Ты знаешь, я так люблю всякие демонстрации, праздники, народные гулянья и даже ярмарки, так люблю русскую толпу, ни один театр, ни одно «нарочное» зрелище никогда не доставляло мне такого большого удовольствия, как какой-ниб. народный праздник, выплеснувшийся на улицы — города ли, села ли.
То, чего мама терпеть не могла.
И опять я написала тебе много всякой ерунды, такой лишней в теперешней жизни. Как я хорошо себе представляю ее, чувствую, да просто знаю!
Крепко тебя целую. Не болей больше!
Твоя Аля
Дорогой Борис!
…У нас один за другим подряд три весенних дня. Снег чернеет, делается губчатым и рассыпчатым, с крыш бежит вода, а по небу — серые, теплые облака. Тайге еще далеко до зелени, но она голубеет, покрывается сливовой дымкой, и, когда солнце заходит за полосу леса на горизонте, тень падает на снег нежно, как тень огромных ресниц. От солнца все становится гибким, и веточки лиственниц, и пышные, как лисьи хвосты, ветви пихт, а очертания теряют свою зимнюю сухость, четкость, схематичность. На свет божий выползают ребятишки и щенята, урожая этой зимы, выращенные в избах наравне с телятами и курами. Птиц еще не видно и не слышно, только однажды увидела какую-то случайную стайку странных хохлатых воробьев с белой грудкой.
Как удивительно, что в последнее время я совсем не живу, а, скажем, «переживаю» зиму, «доживаю» до весны и т. д. (Прости за гадкую бумагу, здесь и такую трудно добыть.)
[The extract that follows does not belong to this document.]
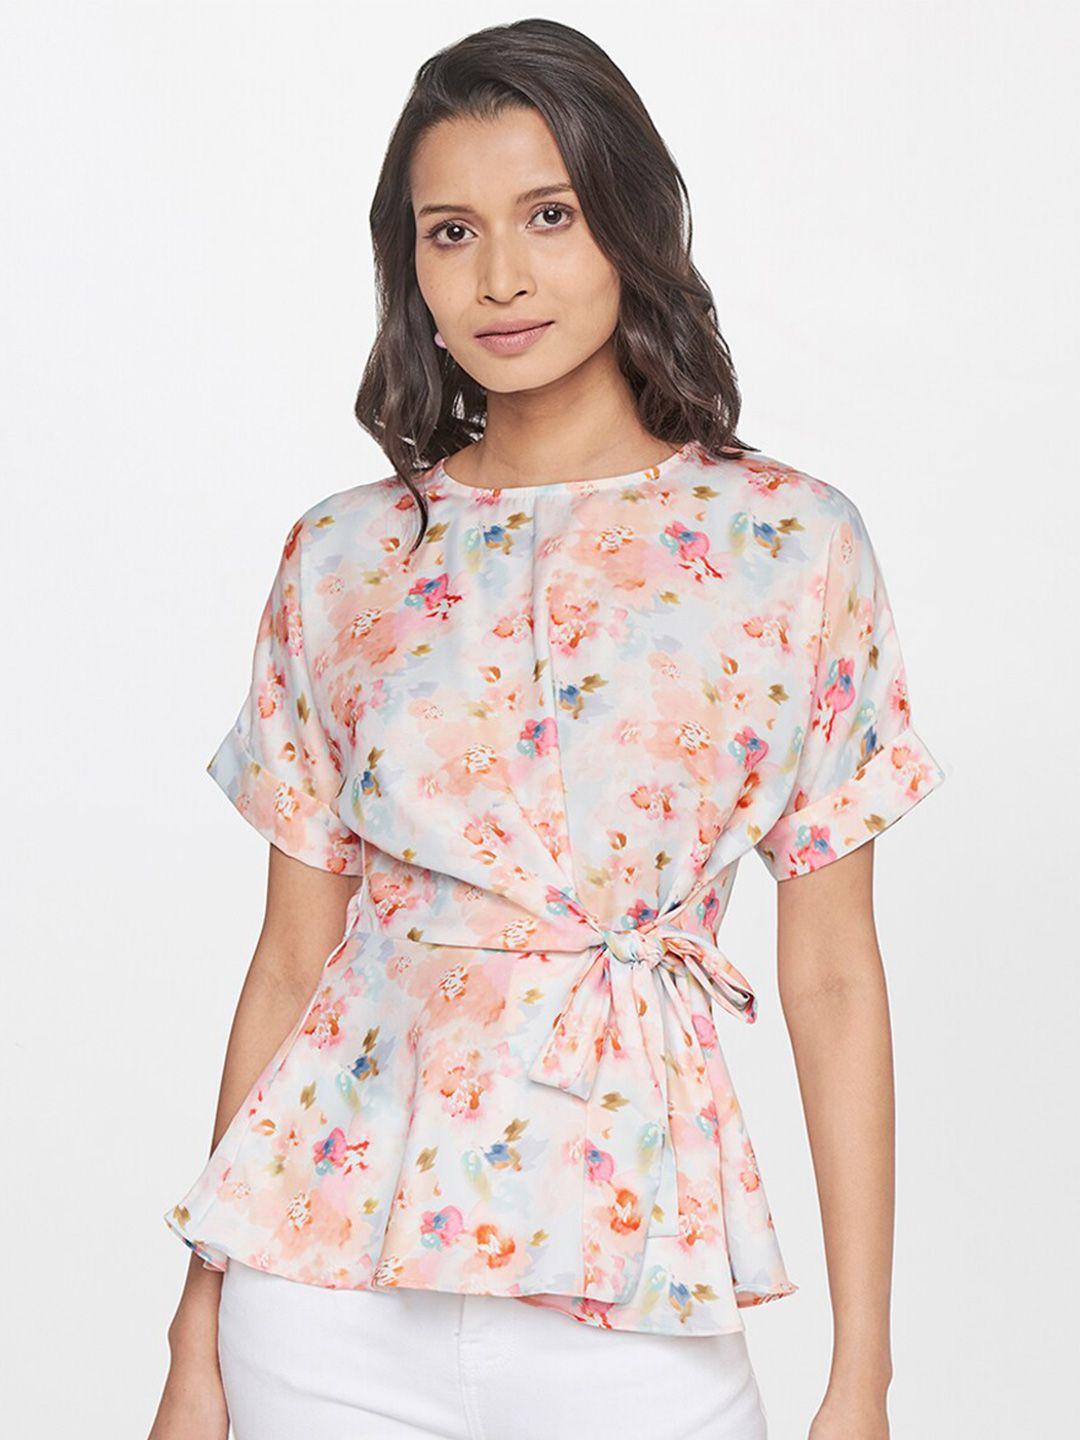 and peach-coloured floral print shirt style top

Сегодня ходила к врачу, она сказала мне, что нельзя в таком возрасте иметь такое сердце, посоветовала мне побольше отдыхать и беречься волнений и переживаний. И прописала всякой дряни внутрь. Причем, насколько я соображаю, дряни взаимоисключающей. Насчет отдохнуть, не волноваться и не переживать сам догадываешься, а насчет сердца — неправда, оно еще повоюет.
Какая меня всегда тоска за душу хватает от казенных помещений и присущих им казенных же запахов — милиций, амбулаторий, контор и т. д. Сегодня просидела в амбулатории часа четыре подряд, в очереди разнообразных страждущих, — обросших щетиной мужчин, бледных женщин с развившимися волосами, подростков с патетическими веснушками на скуластых мордочках. Скамьи со спинками, отполированными спинами, плакаты «Мы излечились от рака», «Берегите детей от летних поносов», отполированные взглядами, ай-ай-ай, какая тоска! и все эти разговоры вполголоса о боли под ложечкой, под лопаткой, в желудке, в грудях, в висках, о боли, боли! У меня тоже сердце болит тихой скулящей болью, но от этого обилия чужих болезней начинаю себя чувствовать неприлично здоровой, хочется встряхнуться и удрать.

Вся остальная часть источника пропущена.